Start of Data provided
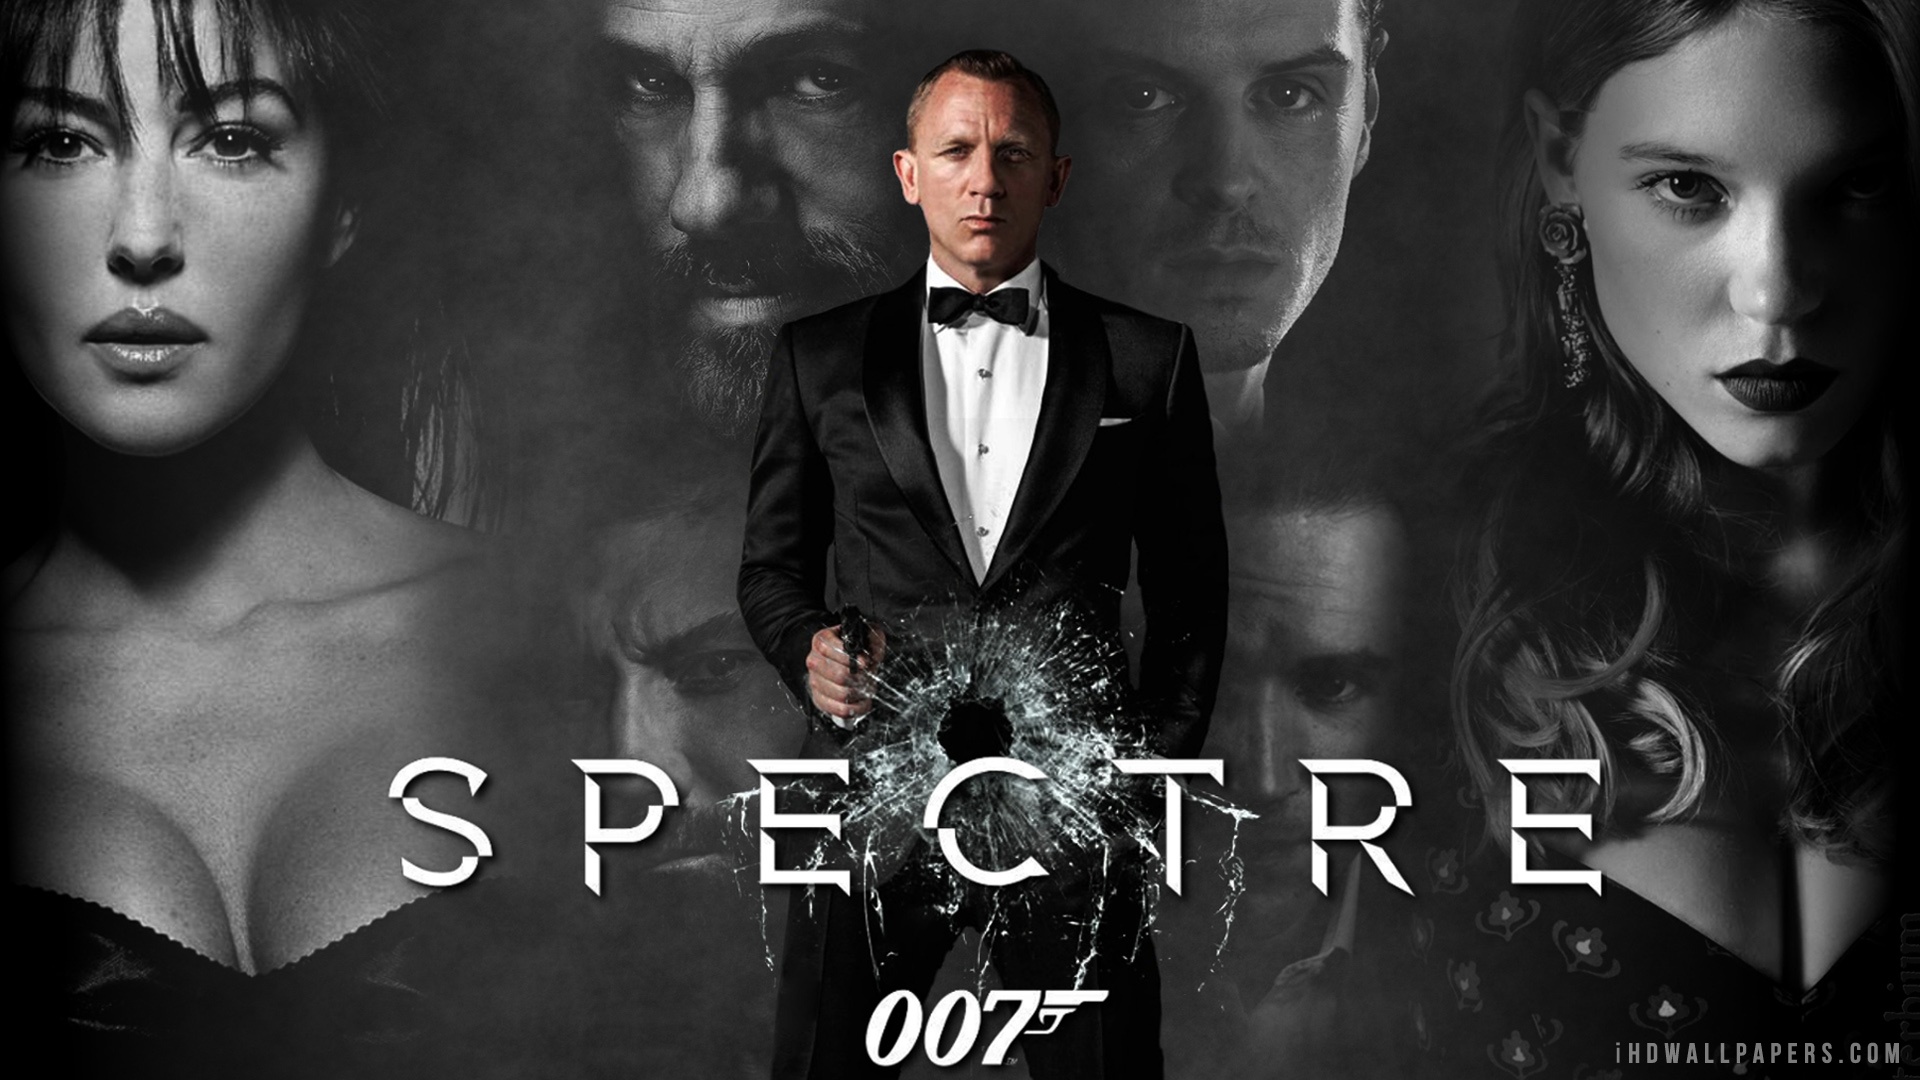 007 spectre movie 2015
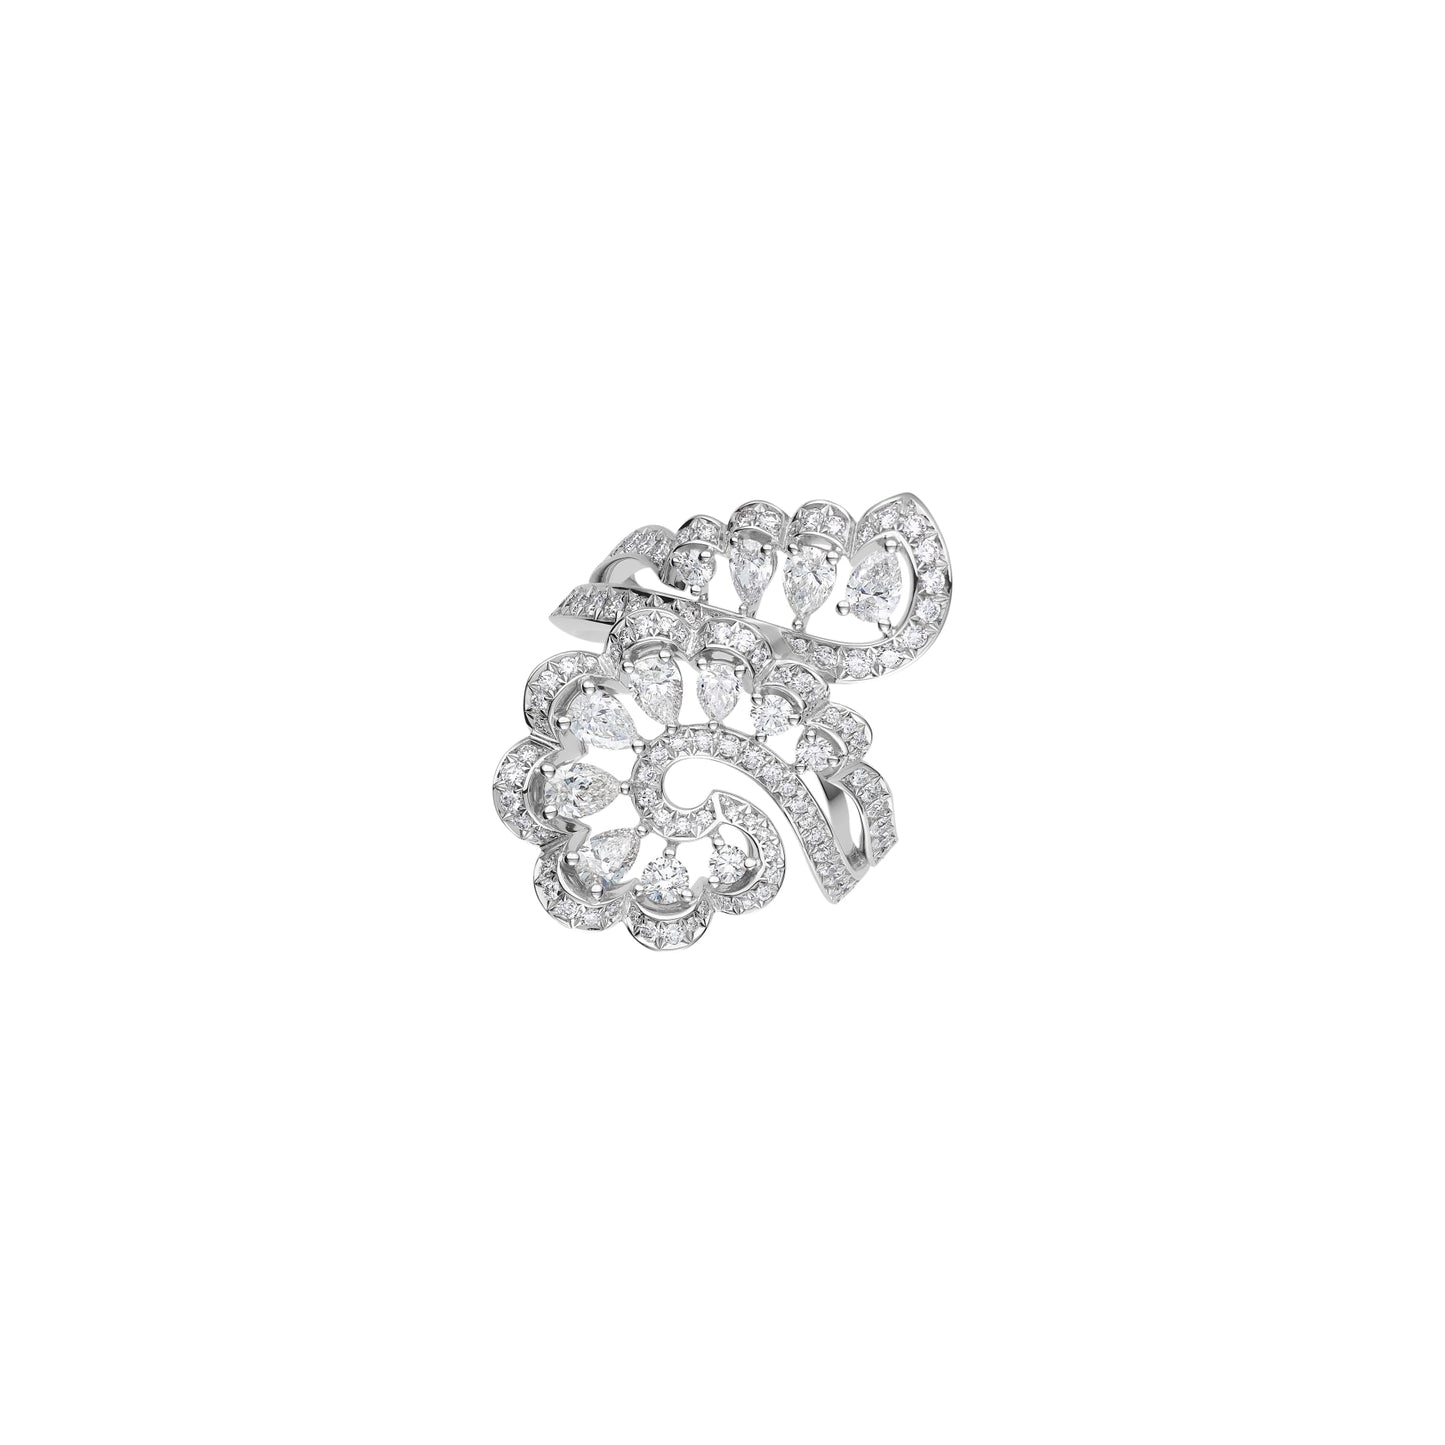 PRECIOUS LACE VAGUE RING, ETHICAL WHITE GOLD, DIAMONDS 828349-1010
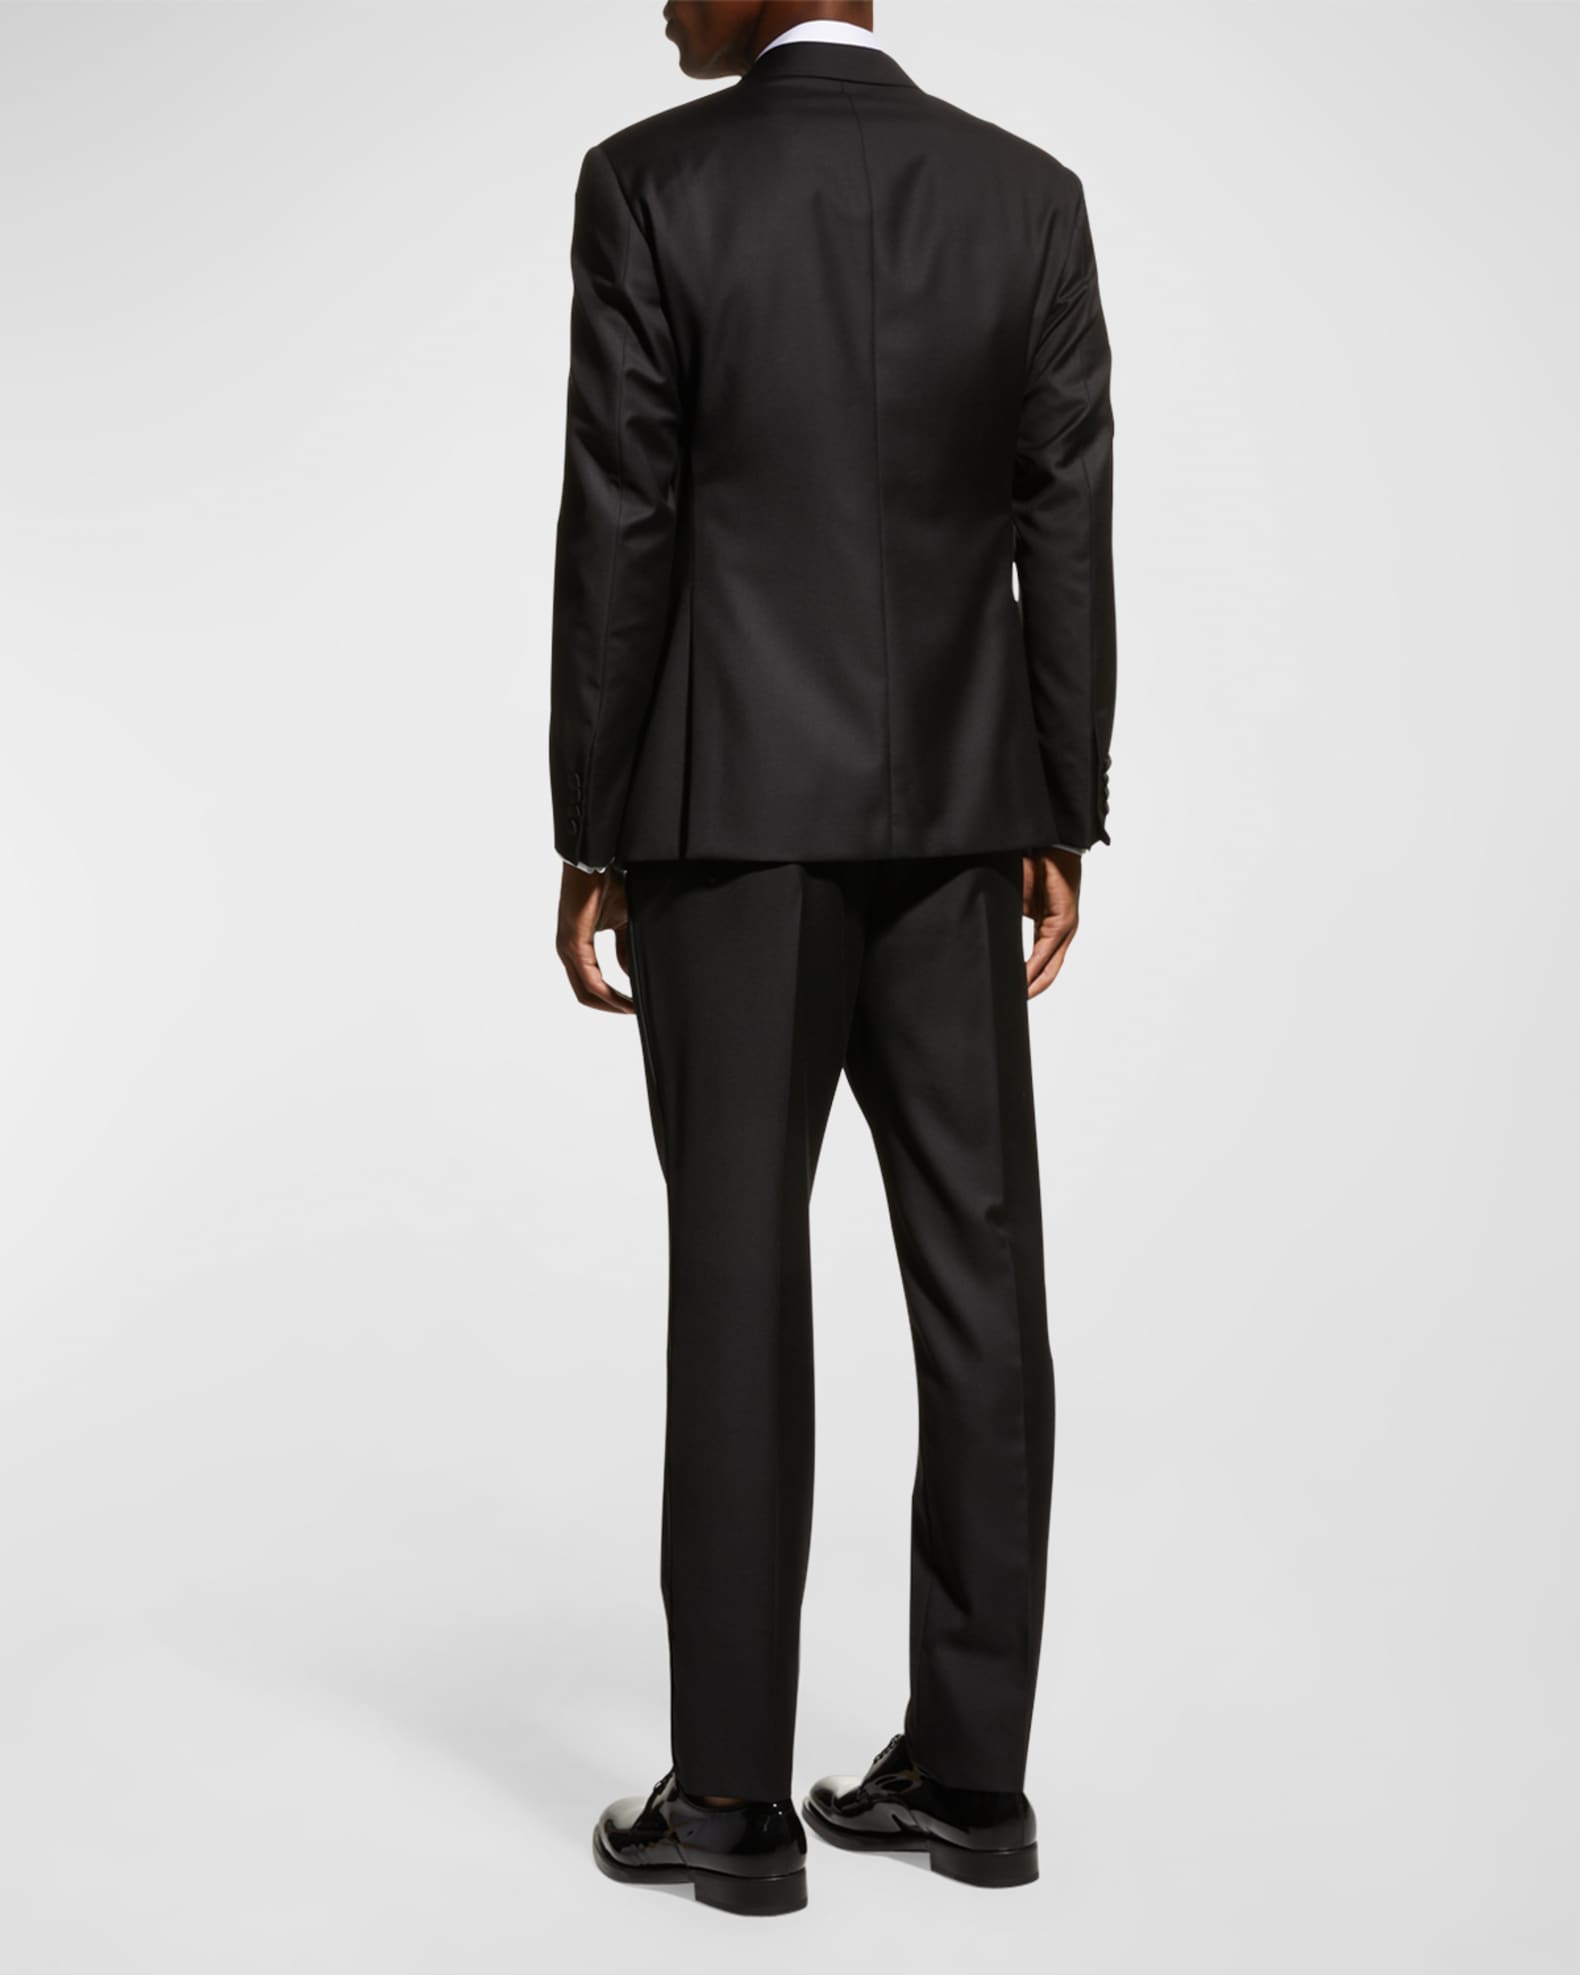 Emporio Armani Super 130s Wool Two-Piece Tuxedo | Neiman Marcus
End of Data provided
Work order —
An exact retyping of the material, minus the pictures, is the required answer.

Result for this exercise —
 007 spectre movie 2015
 PRECIOUS LACE VAGUE RING, ETHICAL WHITE GOLD, DIAMONDS 828349-1010
 Emporio Armani Super 130s Wool Two-Piece Tuxedo | Neiman Marcus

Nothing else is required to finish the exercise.